Variety: This is a near full-on action film. At the same time, you have a sense of environment that is stronger than in many films. Yes, this is an action-Western. At the same time, it deals with social issues, although they’re never rubbed in the spectator’s face. Can you talk about these elements? And how true to real events is “El Ardor”?

PABLO FENDRIK: The secret is not to think about it as a social topic. For me, “El Ardor” is about revenge. But it deals with a situation that interests me: Deforestation, the violent eviction of people from their lands. Researching the script, I met some farmers who were kicked out from their land, or someone tried to years ago. About four to five years ago, the owner of a well-known estancia, a big estate called called La Fidelidad, was killed by mercenaries like the ones I portray in my film: Guys who came around the place by night, tortured him and his wife, forced him to sign a false bill of sale for his land, and when he refused, tortured him and ended up murdering them. They used the hand of the dead man to sign the paper. This happened in Formosa, another province in Argentina. The murders’ organizer was a big landlord who he wanted the land.

Variety: In another departure from classic Westerns, the characters are more shaded. Even the eldest brother, who orders the murder of the father, has moments of generosity, courage, affection.

PABLO FENDRIK: I portrayed the lead mercenary and eldest brother, Tarquinio, as someone who’s reached the stage in his life where he’s absolutely drained. He’s been the leader of people who’ve done so much evil: that’s his job, as a way to make a living. But he’s tired. He’s someone who grew up in an extremely harsh, tough environment, which is the survival of the fittest. It’s the type of life he’s been forced to lead. The first time we see him, he stands up, rifle in hand. And never, at any point in the film is he ever seen without his rifle, until the very end. At the same time he’s obliged to be a father to his two brothers, a mentor. He tries to be a fair leader.

Variety: Could you also say that “El Ardor” is a woman’s Western?

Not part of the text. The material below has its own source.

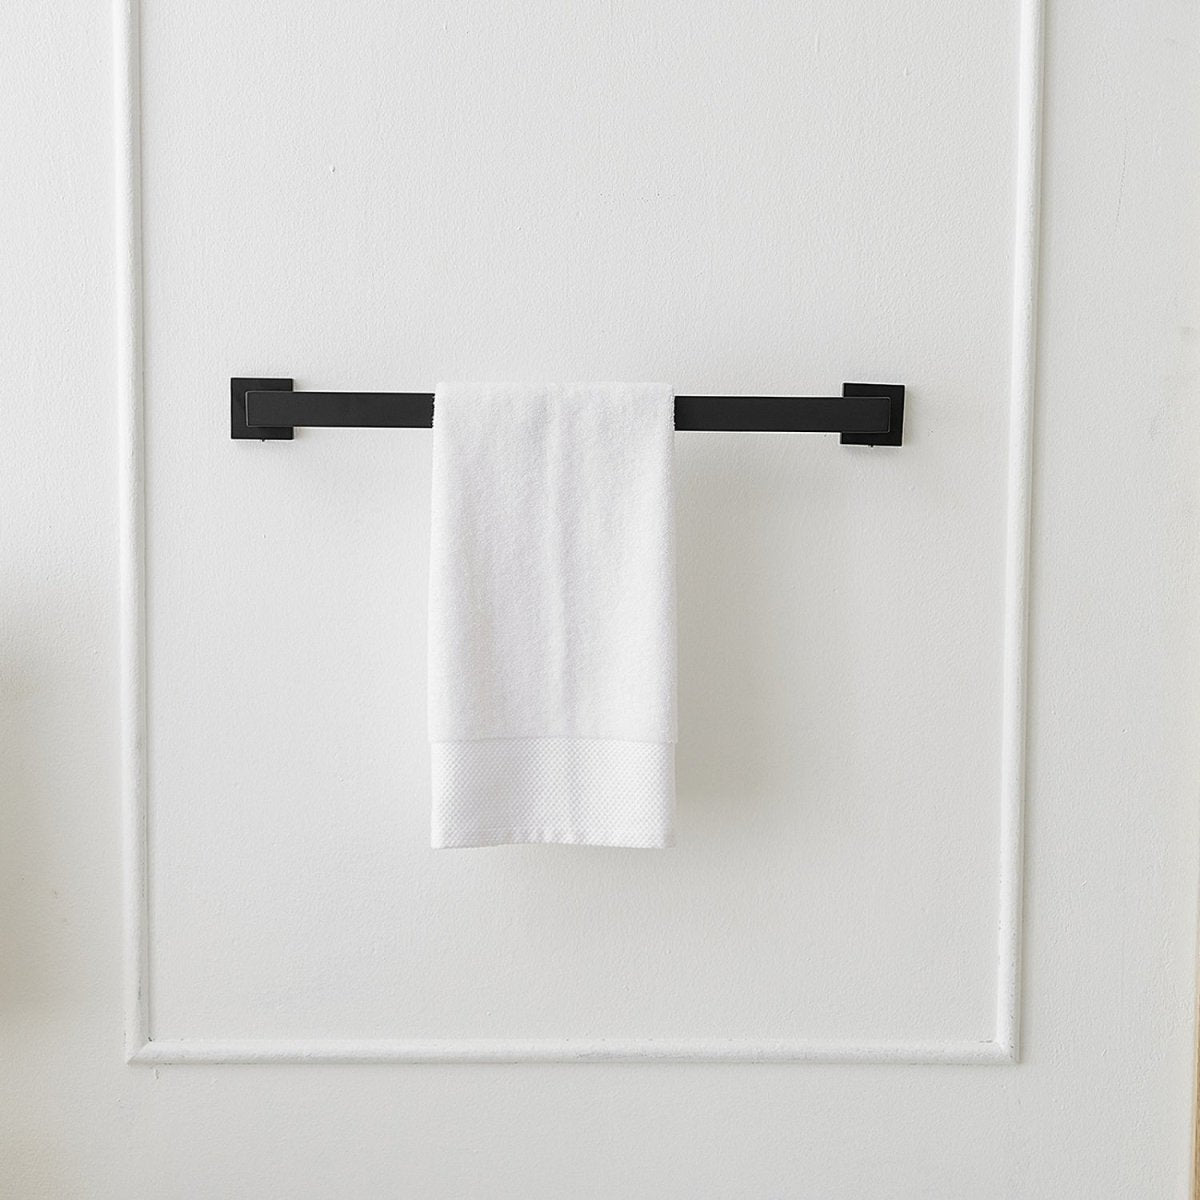 5 PCS Towel Bar Towel Hook Toilet Paper Holder Set Black - buyfaucet.com

There’s a love story and Alice Braga’s character that drives the love story.

PABLO FENDRIK: She is the sensitive soul of the film. She starts as a peasant woman, doing typical farm work, cooking for the men. But by the end she’s a woman capable of putting through a plan of vengeance. Of all the characters, hers is the largest character arc. When she’s attracted to the character of Kai: she takes the initiative, physically, and shows him what she feels for him. Kai is more instinctive, seems to be more bio-mystical, focused on the sensorial, more akin to an animal.